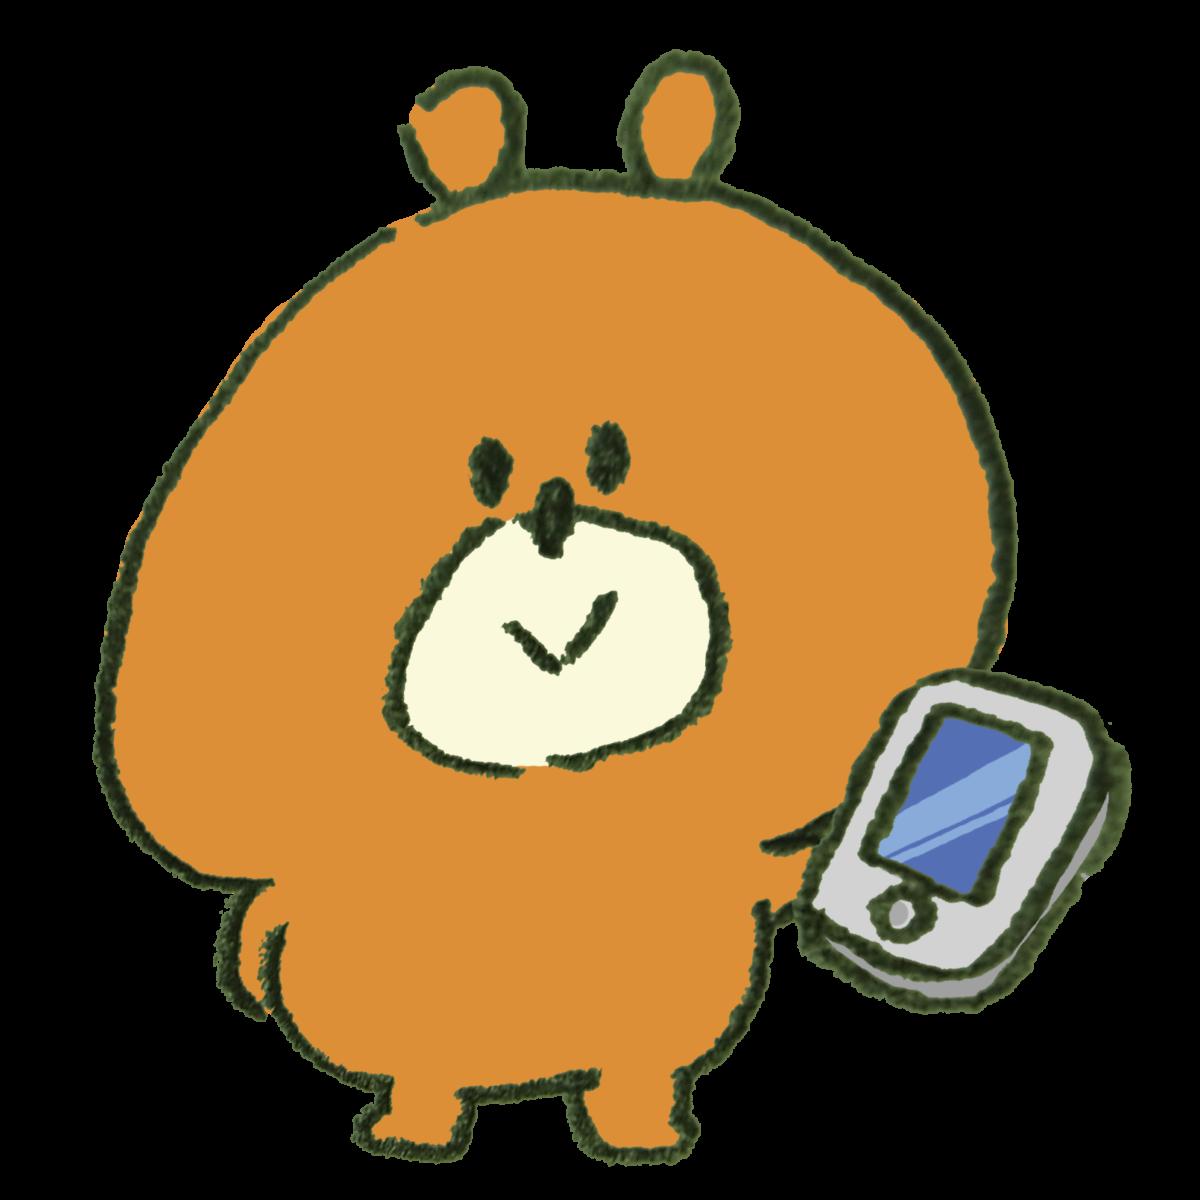 https://bukizatsu.site/wp-content/uploads/2019/10/sumahokuma-e1571608811125.png
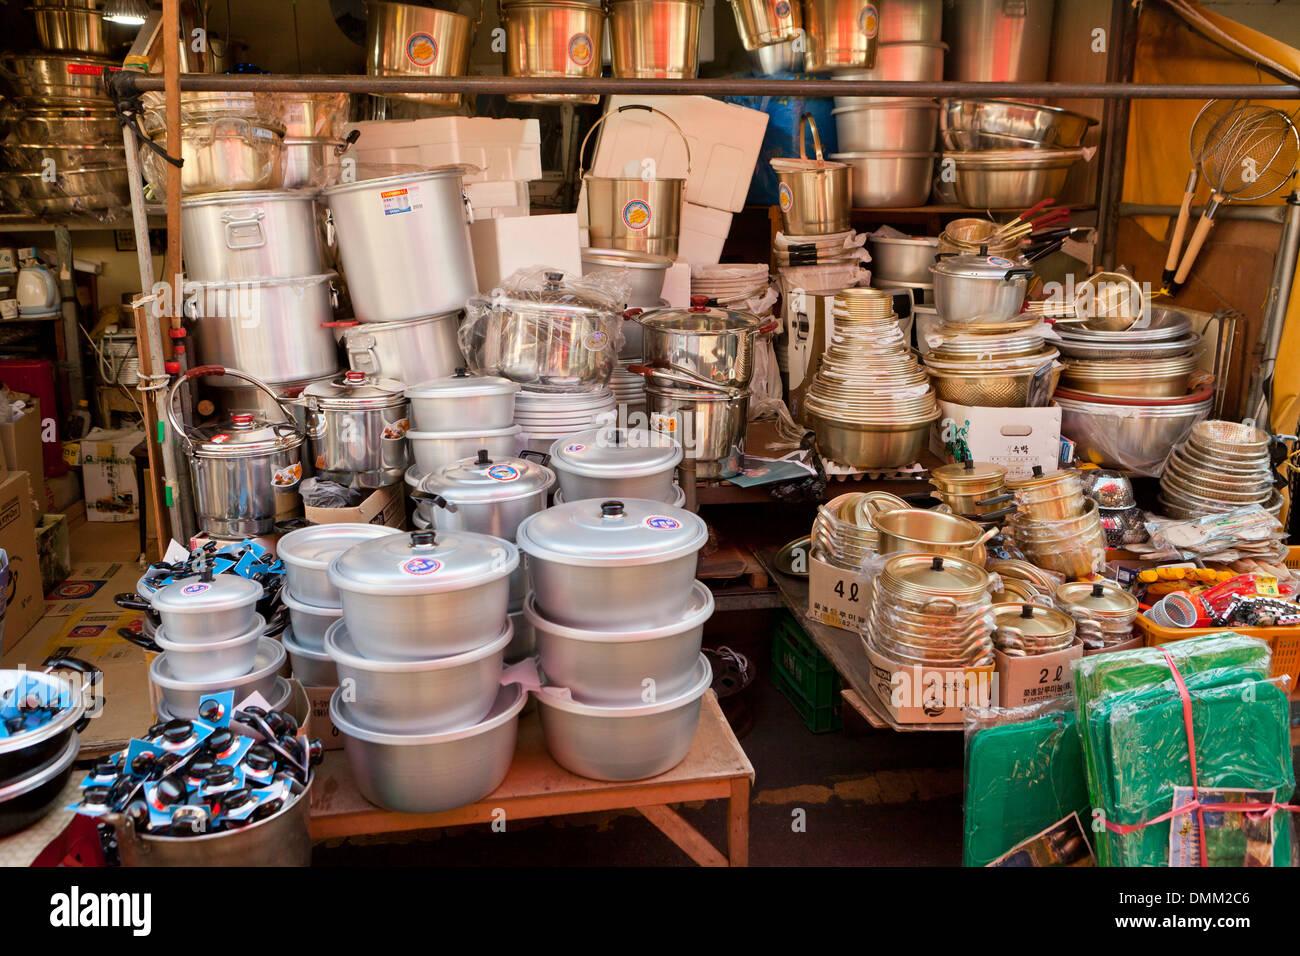 Cookware store at Jagalchi shijang (traditional outdoor market) - Busan, South Korea - Stock Image
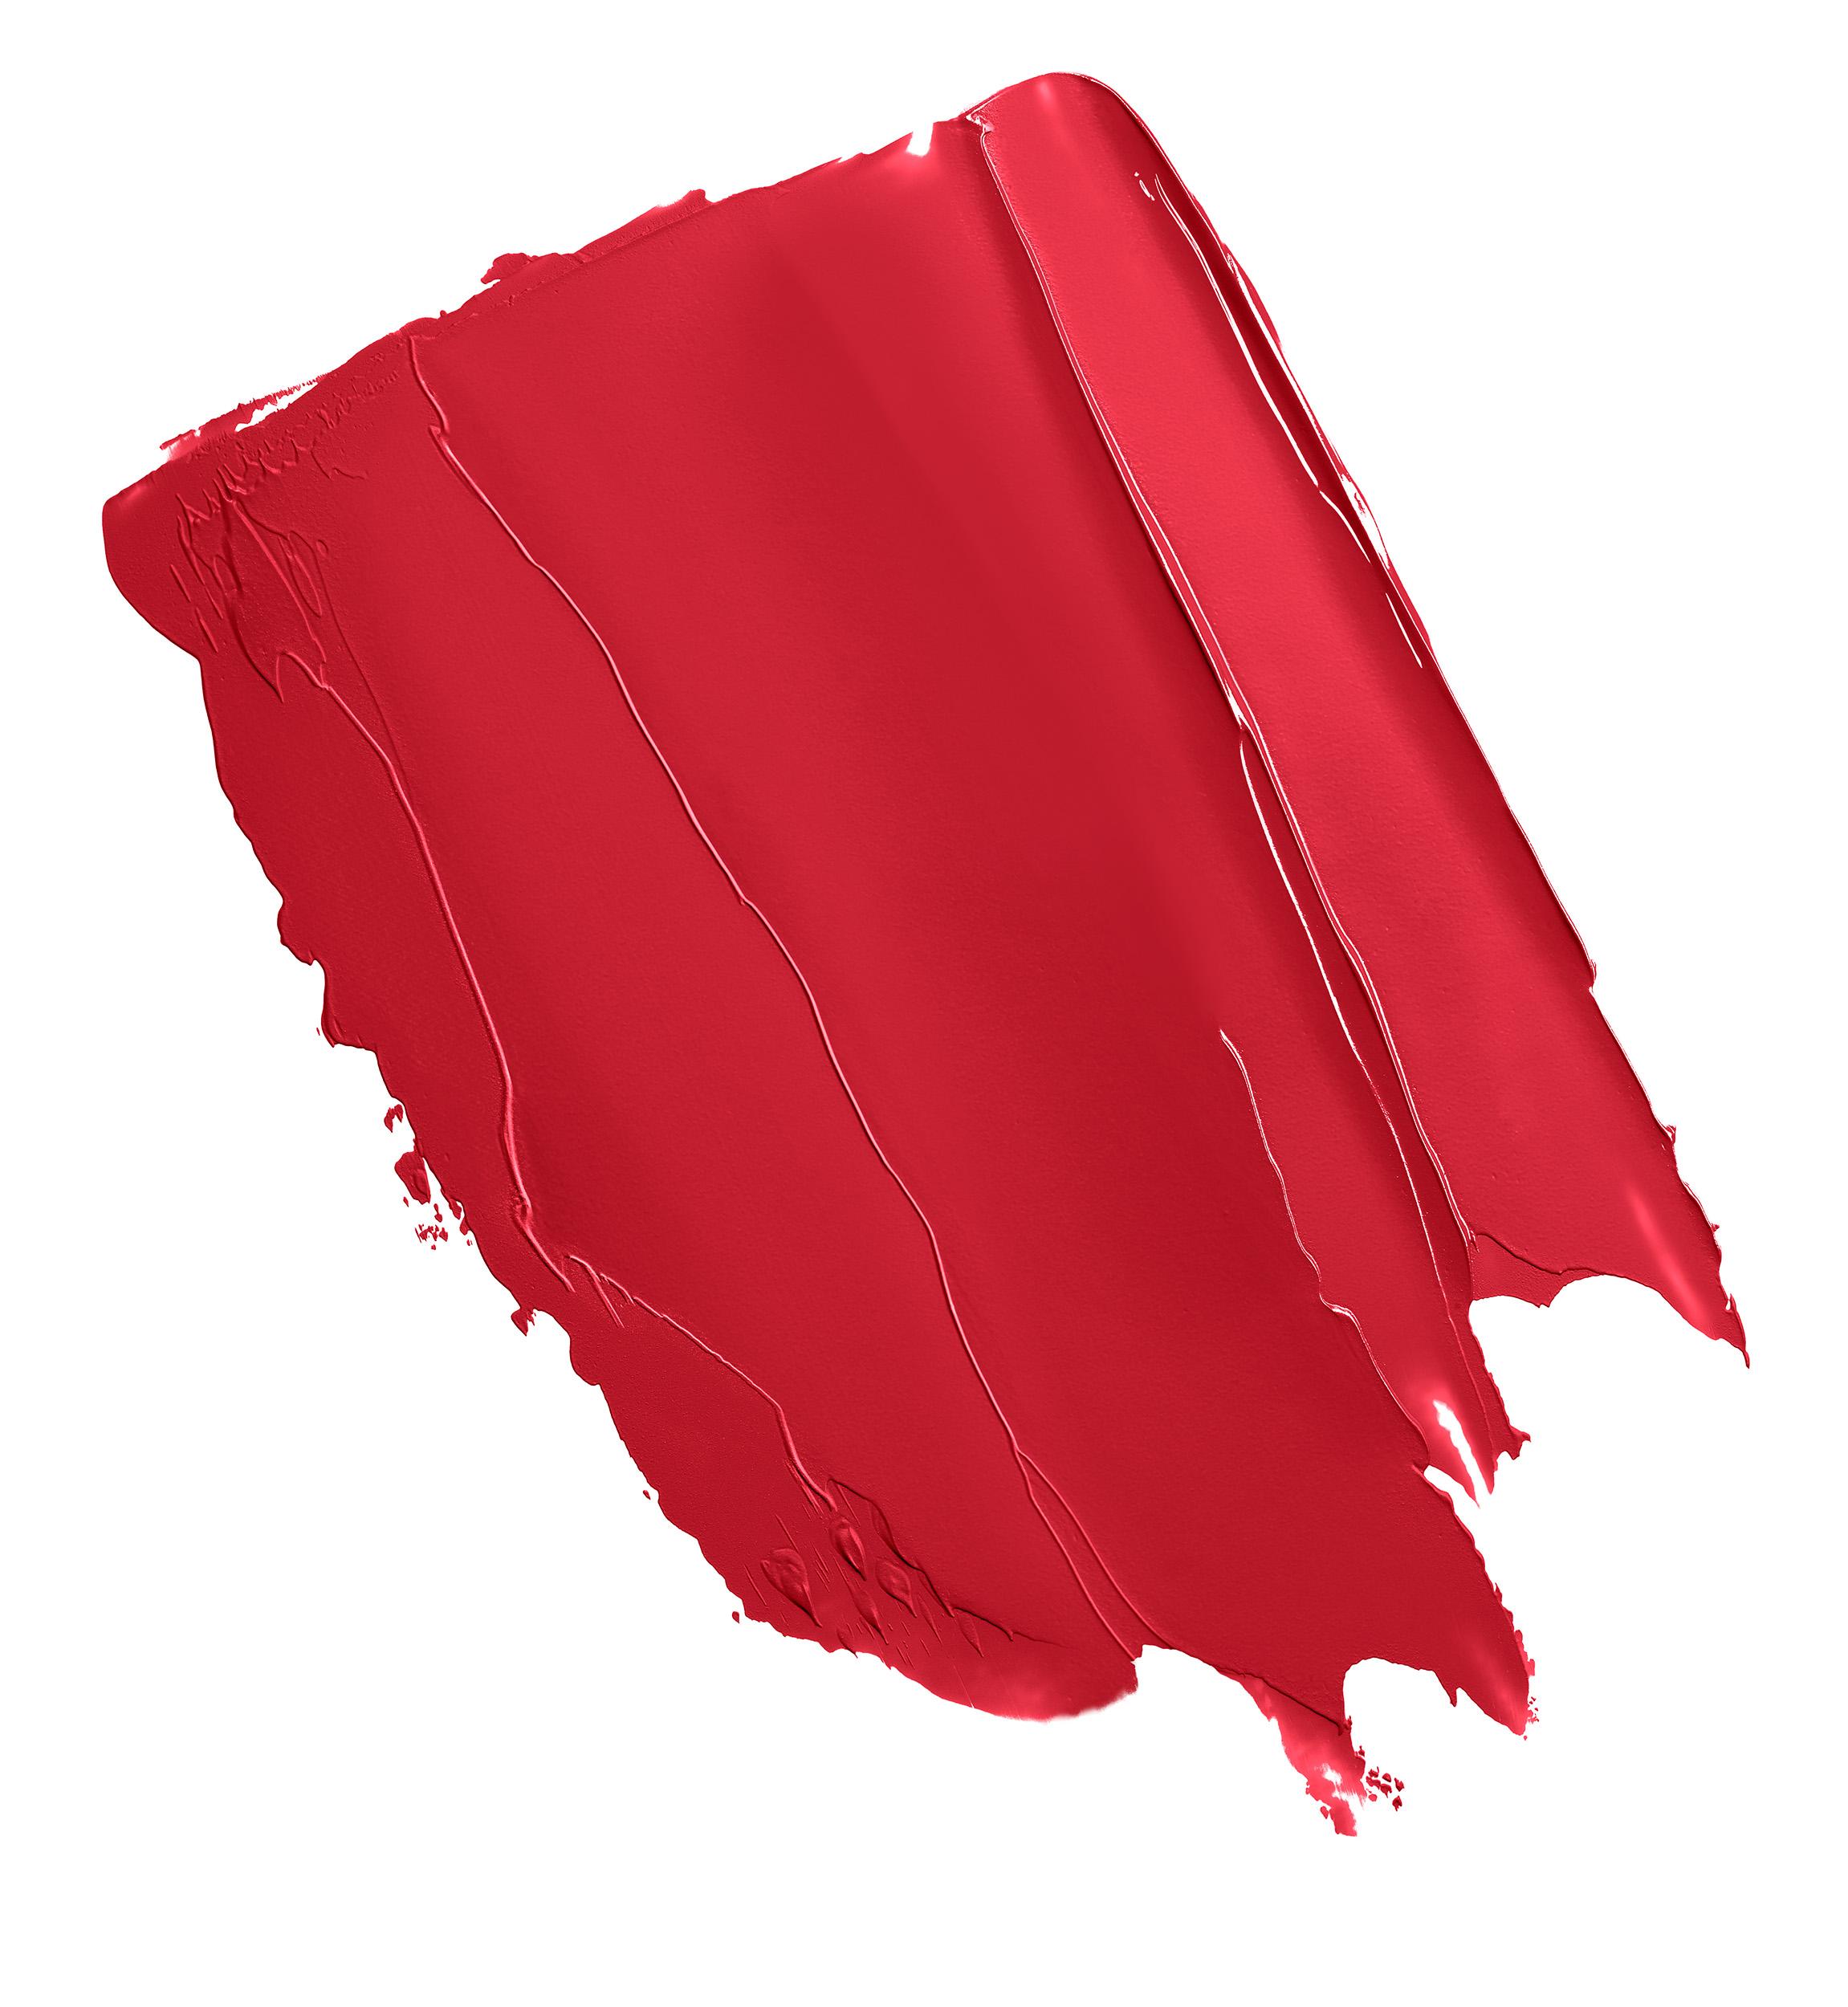 DIOR Rouge Dior Refillable Satin Lipstick, 743 rouge zinnia

------------------------------------------------------------

= Instructions to follow =
When you repeat the lines above, keep them exact and leave out each image they contain.

= Exercise result =
 https://bukizatsu.site/wp-content/uploads/2019/10/sumahokuma-e1571608811125.png
 Cookware store at Jagalchi shijang (traditional outdoor market) - Busan, South Korea - Stock Image
 DIOR Rouge Dior Refillable Satin Lipstick, 743 rouge zinnia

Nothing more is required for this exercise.